As a side note I'm really curious why having rows/cols higher than 24/80 makes it go super slow. Does it get progressively slower as you add more rows/cols or is it an on/off thing where anything higher than 24/80 drops it to 1-2CPS?

liftoff commented 13 years ago

I just pushed a commit that should make:

js_init = "{rows: 24, cols: 80}"

...work properly. Please confirm, thanks!

Gwindalmir commented 13 years ago

I was using it last night for about two hours, in a maximized browser window (1680x1050). After a while (more than 45mins), the session would get very laggy, and I'd get about 1 cps (maybe less). This alternated a few times until I got off. Now I haven't tried fixing the resolution, but it was never that bad before. I was on wireless, but I was also on the local network. Is there any information I can send? I had session logging turned off already, so that didn't help (plus I can't send it).

liftoff commented 13 years ago

When this happened, did reloading the page fix the problem or was it stuck like that until you logged out of the terminal? I ask because I think it may have to do with your very large terminal window and the fact that the scrollback buffer is saved to localStorage every time there's a screen update.

I ran into a similar problem with the client-side logging feature. I ended up disabling it completely because over time the terminal would get so slow it would eventually become unusable. In your case, terminal lines are really long so you might be pushing the limits of your browser's ability to parse and re-save localStorage when you hit some threshold of characters.

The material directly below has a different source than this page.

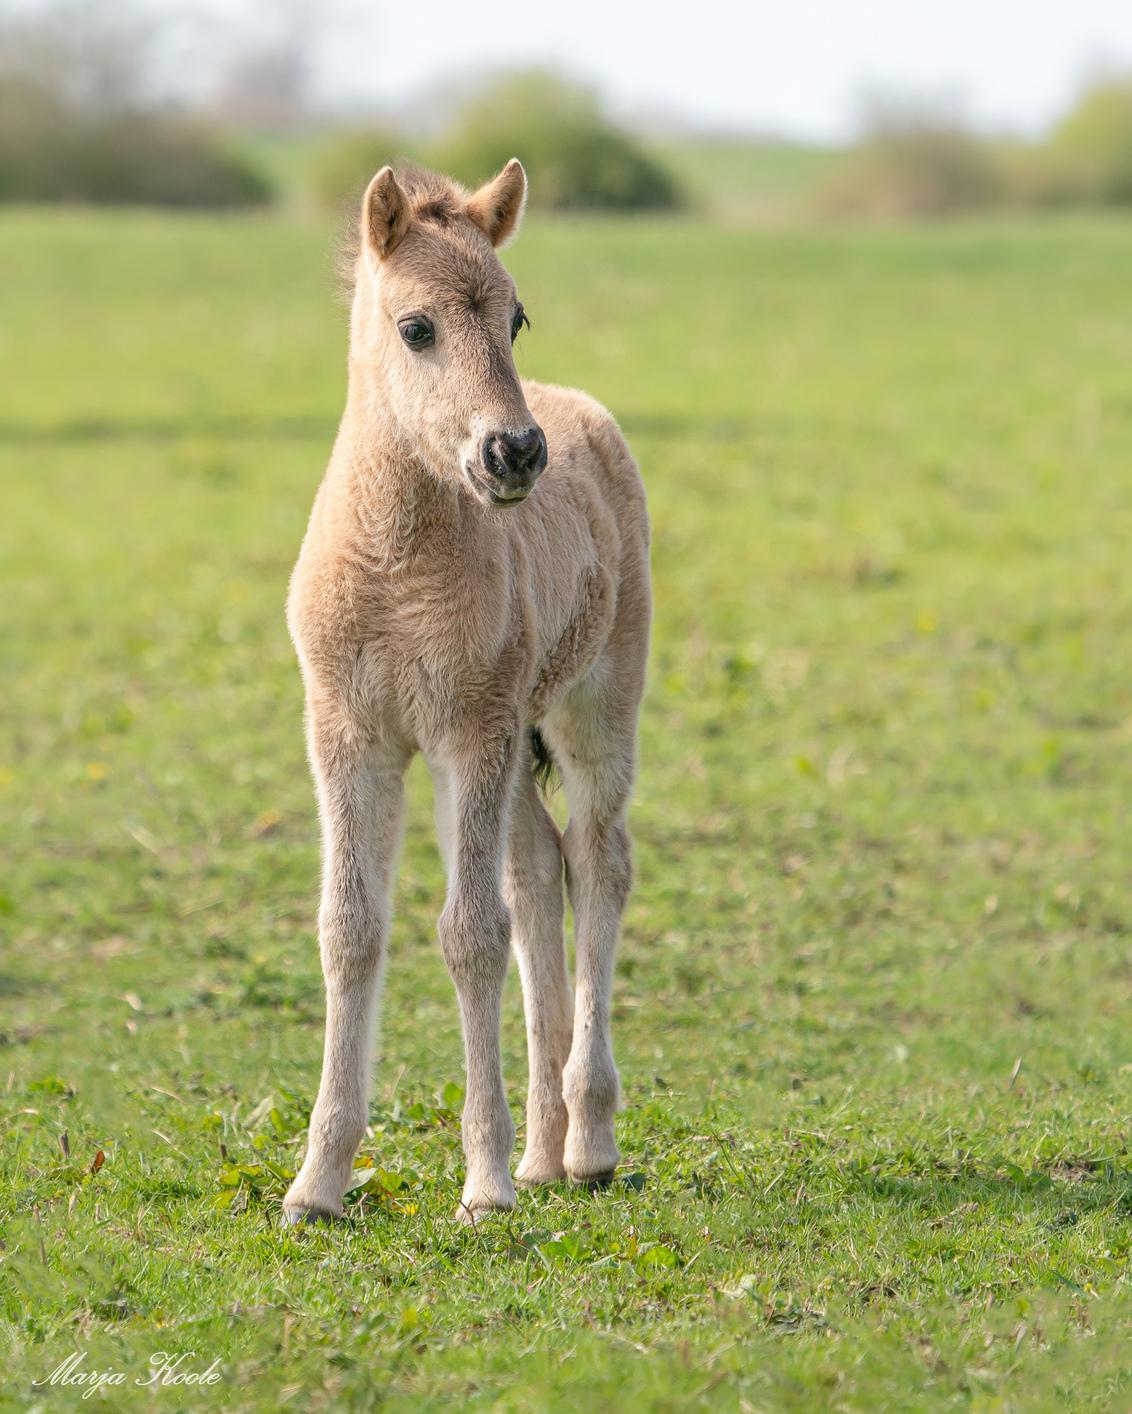 Jong leven - In natuurgebied De Blauwe Kamer bij Wageningen leeft een kudde Konik paarden. Daar waren inmiddels 3 veulens geboren. Meestal dicht bij mamma lopend, - foto door Marja8032 op 05-04-2021 - deze foto bevat: natuur, paard, veulen, konik

Try this: Change the number of scollback buffer lines to, say, 100 in the settings panel. Then use Gate One as you normally would and try to reproduce the environment you were in at the time. Let me know if it does or doesn't happen with a smaller scrollback buffer. If reducing the number of scrollback buffer lines improves performance considerably I might have to built in some logic that takes the width of each line into consideration before it decides to write it out to localStorage. Hmm... Or I could just disable persistent scrollback buffers altogether.

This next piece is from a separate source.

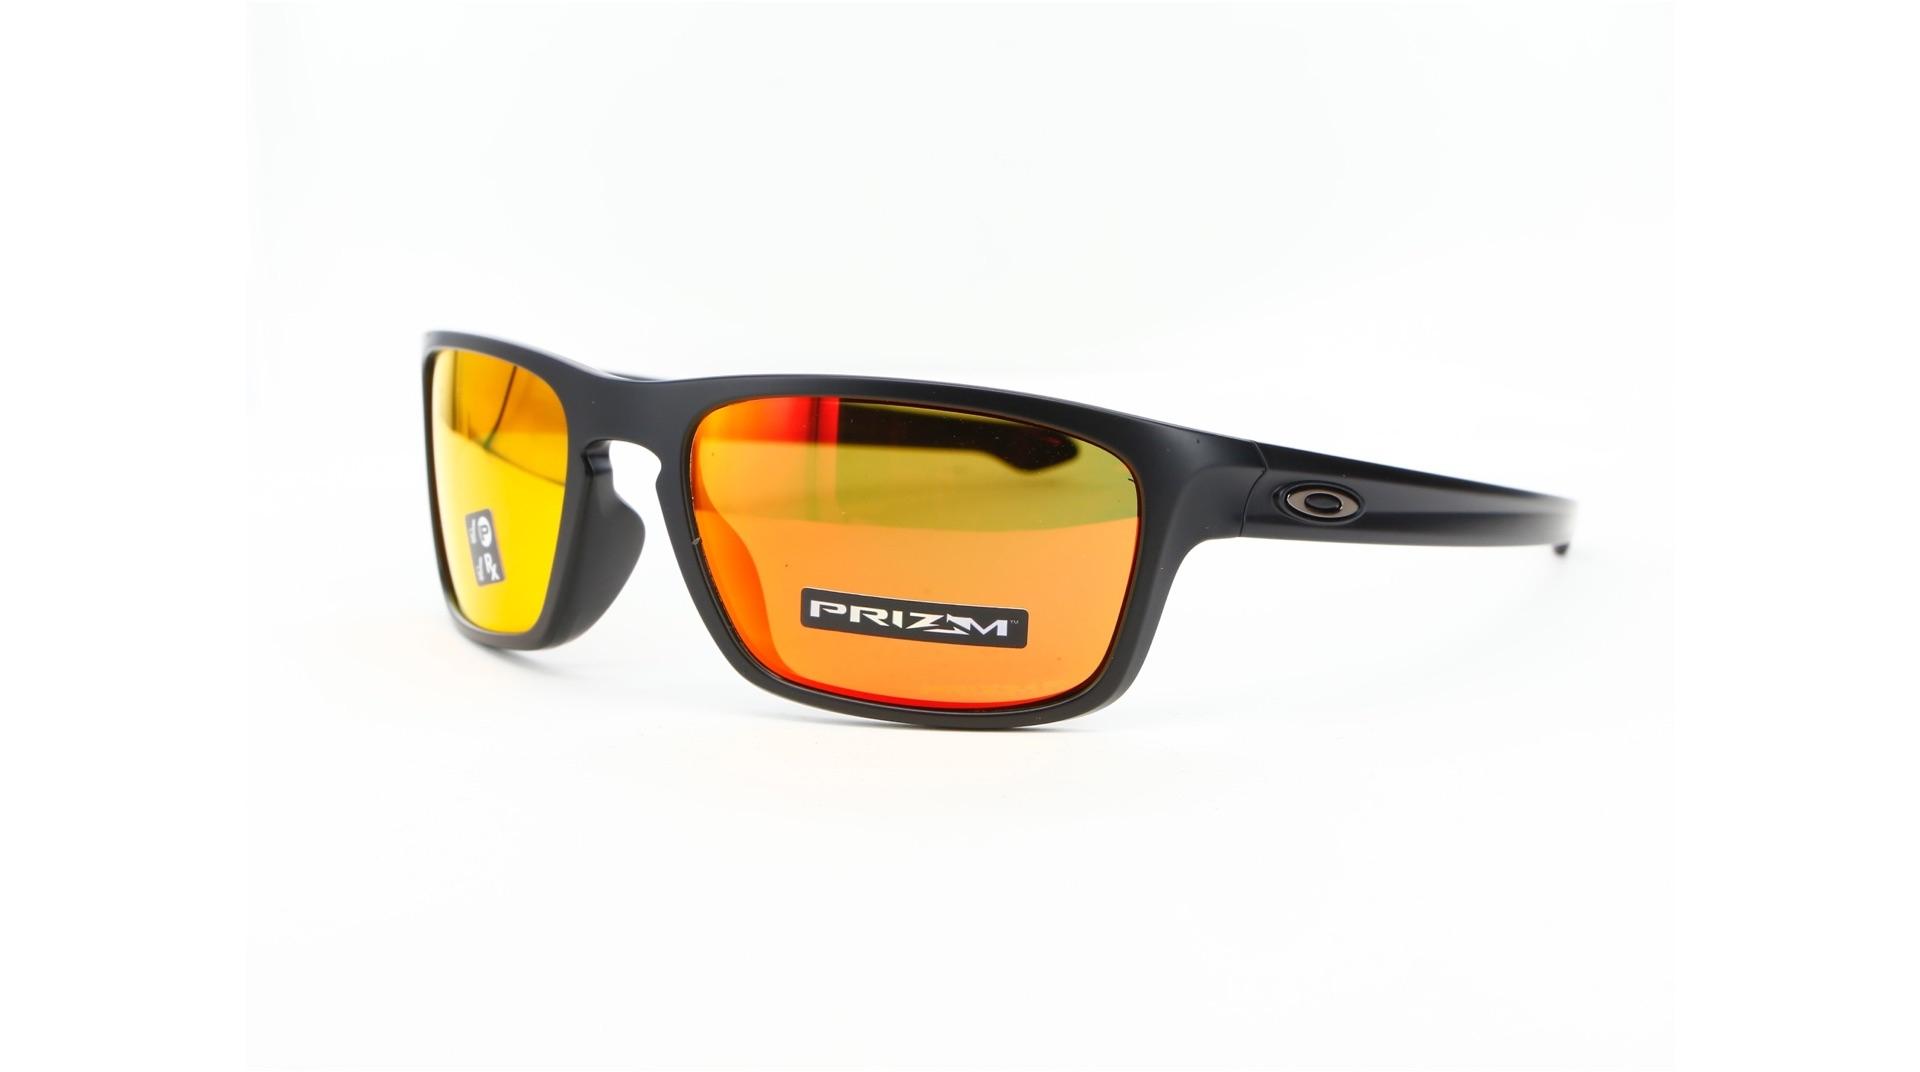 Oakley - ref: 81132

Do you think having the ability to restore your scrollback buffer after closing or reloading the Gate One tab is an important feature? I bet performance would improve by a non-trivial amount by turning it off (you could try it yourself: Set the number of lines to 0). Something to think about, anyway.

For reference, tonight I took a break from coding and got to work on the new liftoffsoftware.com. I don't know about you, but to me it seems like Gate One is getting near that "1.0 state" (if you know what I mean). I have to fix the bookmark manager, add SSH key management, and fix whatever I did recently that broke session recordings (the real-time view--saving them still seems to work =) but that's pretty much it. Bugs like the one reported in this issue are becoming less frequent which I'm hoping is a good sign and not merely an indication that less people are using Gate One :)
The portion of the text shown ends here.